With great AI power comes great responsibility: The more powerful your AI agents become, the more important it is to keep them "on the rails" with clear specifications. Without specs, a powerful AI can quickly generate large amounts of code that compiles and runs—but violates your architecture in ways that compound over time. Spec-driven development is your guardrail.

💡 Note: Spec-driven development is a valuable practice even without AI. Writing specifications before implementation helps teams align on requirements, catch design issues early, and document architectural decisions. AI agents simply make this practice more critical—they can generate code much faster, so the cost of unclear specifications is amplified.


Getting Started

  1. Read the prerequisite article first - If you haven't already, read Keep Your Architecture Diagrams in Code, Not in Tools to establish the /docs foundation

  2. Pick an existing project (brownfield approach - like most real work)

  3. Create an /openspec folder alongside your existing code

  4. Create an AGENTS.md file in your repository root with your AI guidelines

  5. Document one current feature as your initial specs baseline

  6. Try the workflow with your next feature:

    • Use strong AI to create the change proposal (the AI generates tasks as part of the proposal)

    • Review and refine with questions

    • Implement one task at a time with regular AI (referencing AGENTS.md)

    • Archive the change when complete

  7. Build the habit - specifications before implementation for features and design changes

Chat Prompts to Get Started

For initial specs (strong AI):

"Create a specification document for the existing [feature name] in our [domain] system.
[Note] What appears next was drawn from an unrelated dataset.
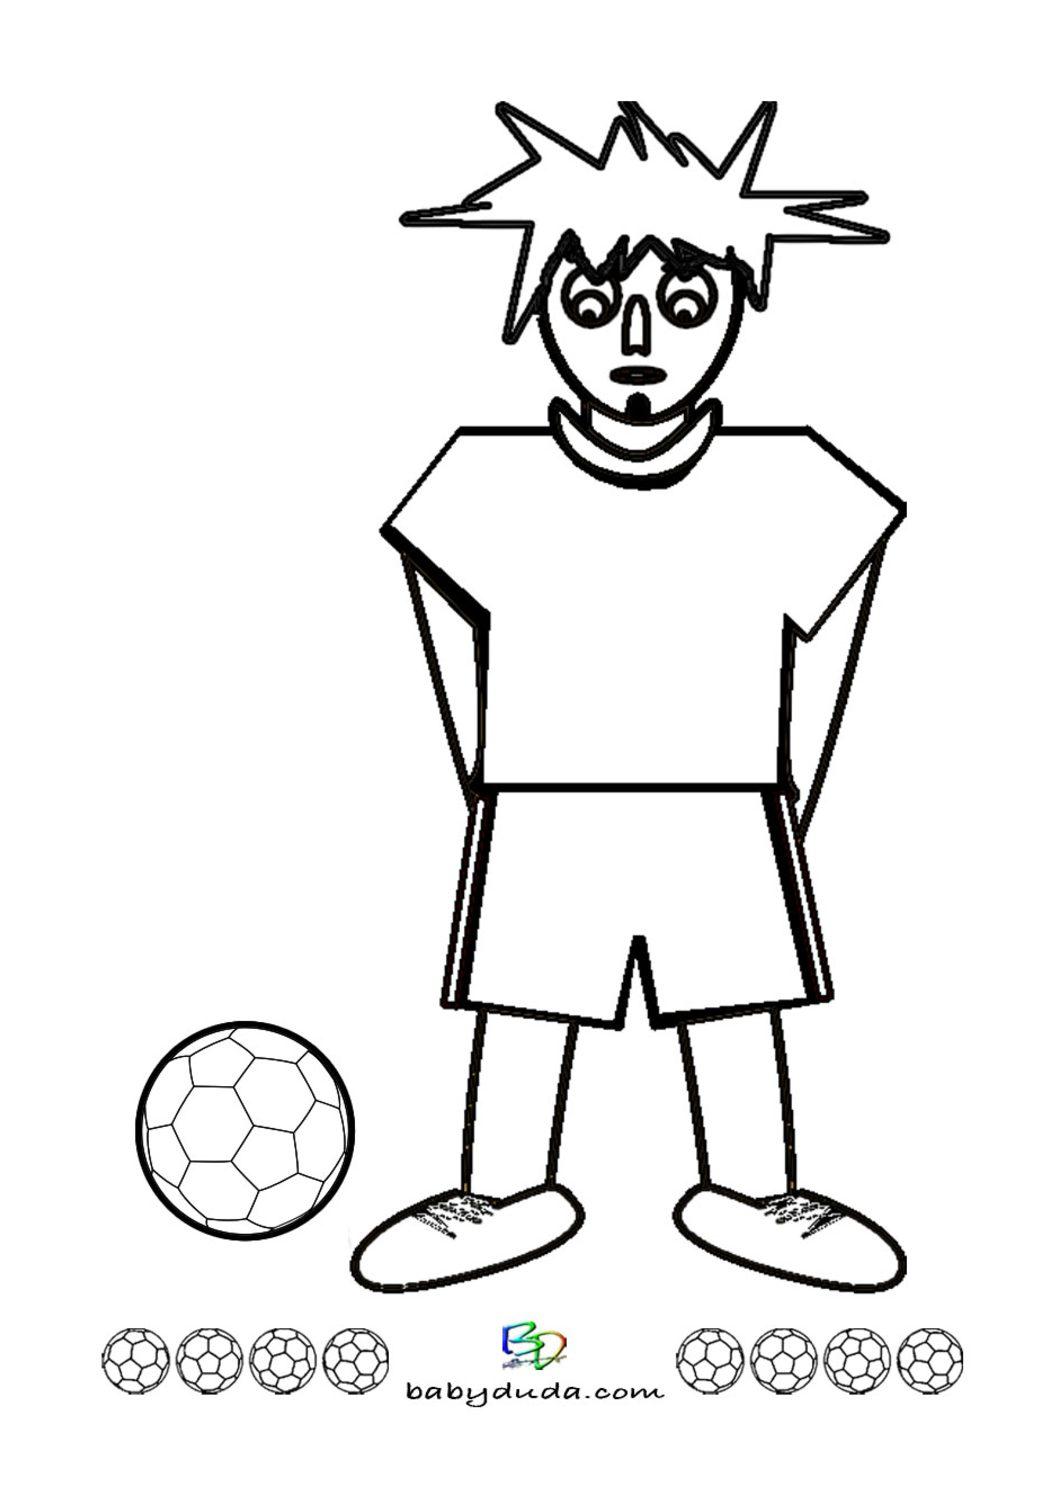 Ungewöhnlich Malvorlagen Für Jungen Fußballspieler Ideen ...

Include business rules, validation logic, and design decisions."

For change proposals:

"Create a new change proposal for: [new feature description]"

For archiving:

"Archive the [change name] change and update the main specs with the implemented changes"

What's Next

The combination of architecture-as-code (structural understanding) + spec-driven development (behavioral context) creates a foundation for truly architecture-aware AI development.

Your AI agents now have the complete "internal view":

  • What exists (entity diagrams, ER schemas, state machines)

  • How it behaves (business rules, validation logic, design decisions)

  • Why it was designed that way (architectural decision records, specifications)

This isn't just about better code generation—it's about maintaining architectural integrity as your system evolves with AI assistance.

Try adding specifications to one existing feature. See how it changes the quality of AI-generated code when the agents understand not just what you're building, but why you're building it that way.

The repository with the complete OpenSpec integration will be available shortly:

👉 architecture-as-code-example (with OpenSpec)


Final Words

Most developers have already experienced the "wow" moment with AI assistants—that first realization of how much faster you can code with AI help. It's eye-opening, and productivity jumps immediately.

Spec-driven development is your next breakthrough. 🚀

It transforms AI from a helpful code generator into an architecture-aware development partner that respects your design decisions and maintains the integrity of your system as it evolves. This is the difference between being productive with AI and building maintainable systems with AI.